EXHIBIT (j)(3)
FORM OF ADMINISTRATION AGREEMENT
The Administration Agreement of XXXXXXXX & XXXXXXXX/CLAYMORE TOTAL RETURN
FUND INCORPORATED, a Maryland corporation (the "Fund") made and agreed to by and
between the Fund and PFPC Inc., a Massachusetts corporation ("PFPC"), on
_____________, 2003, to read in its entirety as follows:
WHEREAS, the Fund is registered as a diversified, closed-end management
investment company under the Investment Company Act of 1940, as amended (the
"1940 Act"); and
WHEREAS, the Fund desires to retain PFPC to render certain administrative
services to the Fund and PFPC is willing to render such services;
WITNESSETH:
NOW, THEREFORE, in consideration of the premises and mutual covenants
herein contained, it is agreed between the parties hereto as follows:
1. APPOINTMENT. The Fund hereby appoints PFPC to act as Administrator of the
Fund on the terms set forth in this Agreement. PFPC accepts such
appointment and agrees to render the services herein set forth for the
compensation herein provided.
2. DELIVERY OF DOCUMENTS. The Fund has furnished PFPC with copies properly
certified or authenticated of each of the following:
(a) Resolutions of the Fund's Board of Directors authorizing the
appointment of PFPC to provide certain administrative services to
the Fund and approving this Agreement;
(b) The Fund's Articles of Incorporation filed with the Maryland
Department of Assessments and Taxation on June 23, 2003 and all
amendments thereto (the "Articles");
(c) The Fund's By-Laws and all amendments thereto (the "By-Laws");
(d) The Investment Advisory Agreement between Xxxxxxxx & Xxxxxxxx
Incorporated (the "Adviser") and the Fund dated as of _________,
2003 as amended and restated from time to time (the "Advisory
Agreement");
(e) The Custody Agreement between PFPC Trust Company and the Fund
dated as of __________, 2003 as amended and restated from time to
time (the "Custody Agreement");
(f) The Transfer Agency and Registrar Agreement between PFPC and the
Fund dated as of __________, 2003 as amended and restated from
time to time;
(g) The Fund's most recent Registration Statement on Form N-2 (the
"Registration Statement") under the Securities Act of 1933 and
under the 1940 Act (File Nos. 333-91282 and 811-21129), as filed
with the Securities and Exchange Commission ("SEC") on _________,
2003 relating to shares of the Fund's Common Stock, $.01 par
value per share, and all amendments thereto; and
(h) The Fund's most recent prospectus (the "Prospectus").

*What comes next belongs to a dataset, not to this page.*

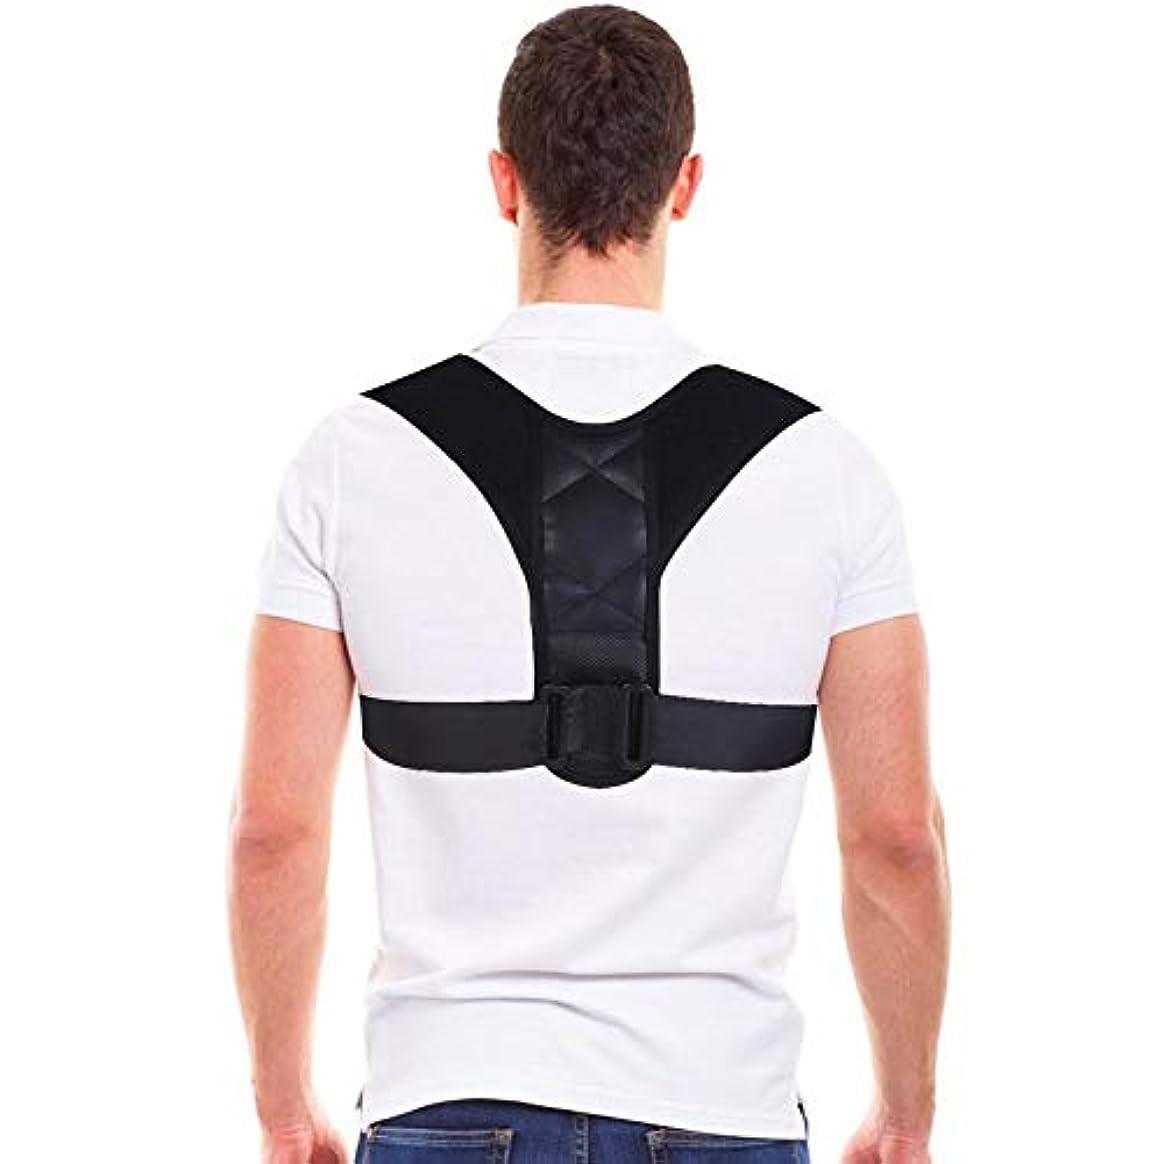 呪い休日適用済みコレクター姿勢バックサポートベルト、8字型デザインの調節可能な鎖骨装具バンド、男性と女性の姿勢、腰痛予防、腰痛予防
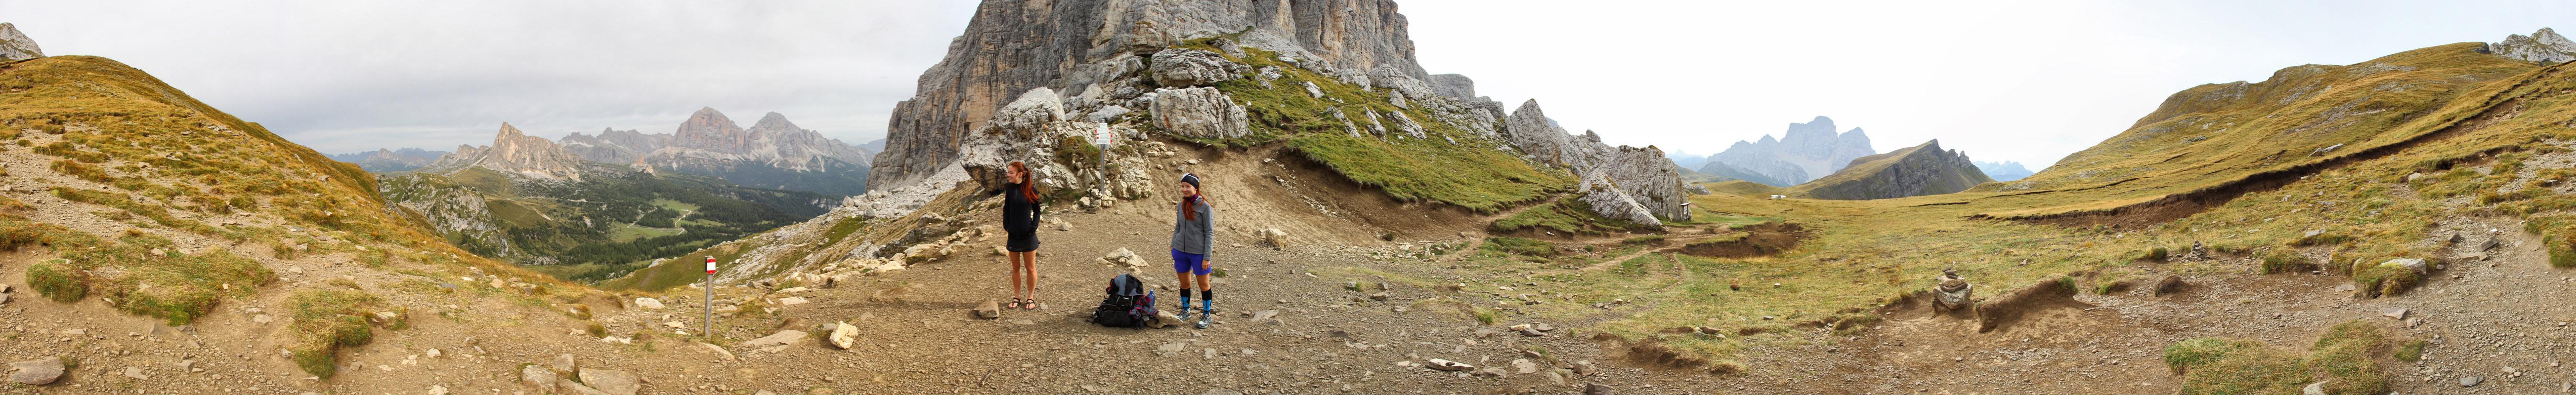 Panoráma z Forcella di Giau, Dolomity - La Gusela, Tofane, Monte Mondeval, Monte Pelmo

The Fund will furnish PFPC from time to time with copies, properly
certified or authenticated, of all amendments of or supplements to the
foregoing. Furthermore, the Fund will provide PFPC with any other documents
that PFPC may reasonably request and will notify PFPC as soon as possible
of any matter materially affecting the performance of PFPC of its services
under this agreement.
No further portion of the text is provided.